Researchers working with the
OpenFOAM
software
package [1] are concerned with comparing accuracy and efficiency across various
solvers. Using
OpenFOAM
for solving computational
fluid dynamics (CFD) problems involves selecting an appropriate solver that
meets the expectations of accuracy, efficiency, and stability. To achieve this,
it is necessary to
analyse
the performance of the
solver based on some reference solutions. However, few studies are offering a
detailed comparison of
OpenFOAM
solvers based on
these characteristics. Some examples of such comparisons can be found in [2]
and [3], but they do not provide clear recommendations for solver selection. A
more detailed attempt at comparing solvers was made in a series of works where
the reference problems included supersonic flow around a cone at an angle of
attack [4, 5], shock wave modelling [6], and the formation of a two-dimensional
rarefaction wave [7]. A review of these studies can also be found in [8]. The
method proposed in these works gained popularity in [9], [10]. By employing the
generalised
computational experiment technique
[11-14], results were obtained that allow users to navigate the wide range of
numerical methods developed and select the most accurate and efficient ones for
their calculations.
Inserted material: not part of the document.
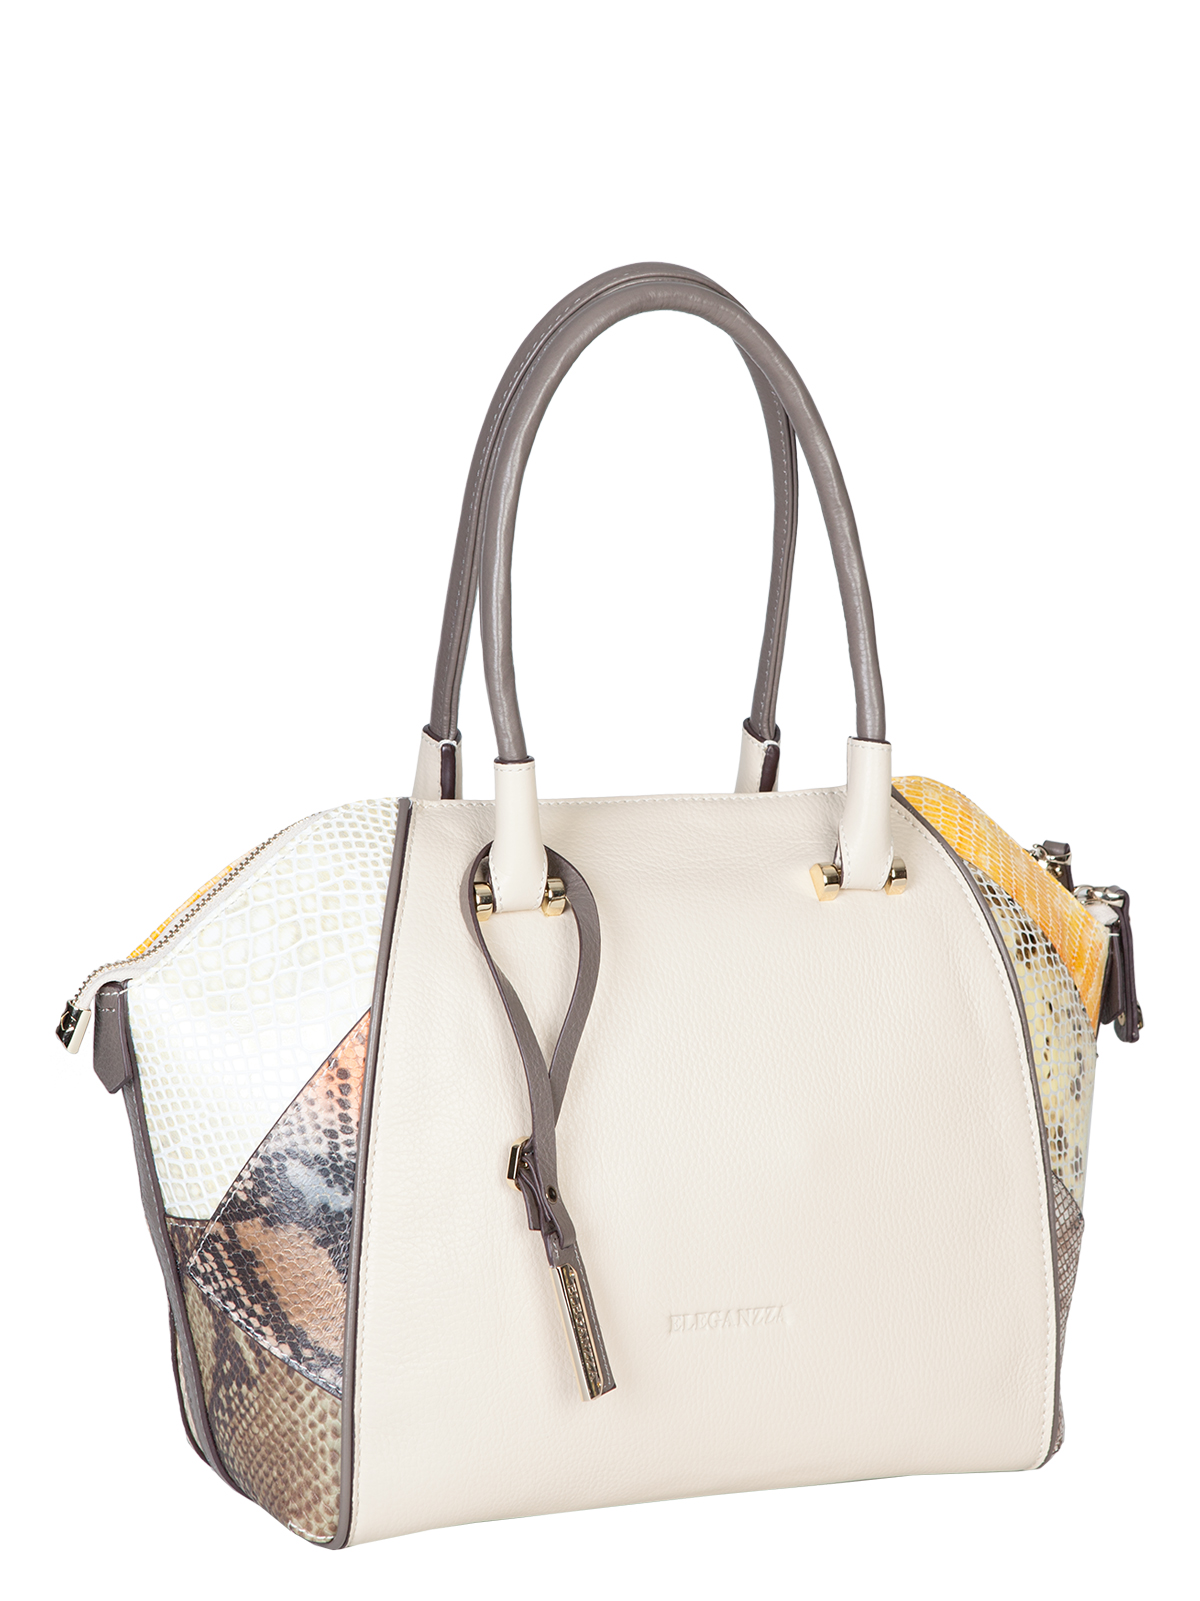 82868d88d5a0 Женские сумки ручной работы. Ярмарка Мастеров - ручная работа. Купить Сумка  из натуральной кожи

The
generalised
computational
experiment involves dividing the governing parameters of a problem within a
specific range, followed by a parametric study and
visualisation
of multidimensional results [15].
OpenFOAM
(Open Source
Field Operation
And
Manipulation CFD Toolbox) is a
popular software package for computational fluid dynamics (CFD), widely used
for modelling liquid and gas flows, heat transfer, and a variety of other tasks
related to physical processes.
OpenFOAM
is an
open-source package, meaning that it is available for free, and its source code
is open. This allows users to modify the code for their specific tasks and add
custom equations, turbulence models, or other physical processes. For example,
if you have a specific task, such as modelling gas-dynamic shock waves with
chemical reactions, you can independently create a solver that takes these
features into account. This flexibility distinguishes
OpenFOAM
from commercial software, where many features are closed to modification.
OpenFOAM
also supports parallel computing, enabling the
solution of large-scale problems with complex physics. This is critical when
calculations need to be performed on a grid consisting of millions of cells. In
OpenFOAM,
the computational domain can be easily
divided among multiple processors, thereby accelerating the calculations. The
comparison included four solvers: two standard solvers –
rhoCentralFoam
and
sonicFoam
and two custom solvers –
pisoCentralFoam
[16] and
QGDFoam
[17]. The latter two solvers were developed by research teams from the
Institute for System Programming of the Russian Academy of Sciences and the
Keldysh
Institute of Applied Mathematics of the Russian Academy
of Sciences.
The
rhoCentralFoam
solver
utilises
a central-upwind scheme of the Godunov type, originally proposed by
Kurganov
and
Tadmor
(KT) [18],
later modified in the work by
Kurganov,
Noelle, and
Petrova
(KNP) [19]. The
Kurganov-Tadmor
scheme bypasses the Riemann problem by using an approximation of local wave
propagation speeds and a central approach. Instead of solving the Riemann
problem to determine the flux at the cell interface, the KT scheme employs an
estimate of the maximum wave propagation speed (typically determined through
the maximum characteristic speed of the equations) on both sides of the cell.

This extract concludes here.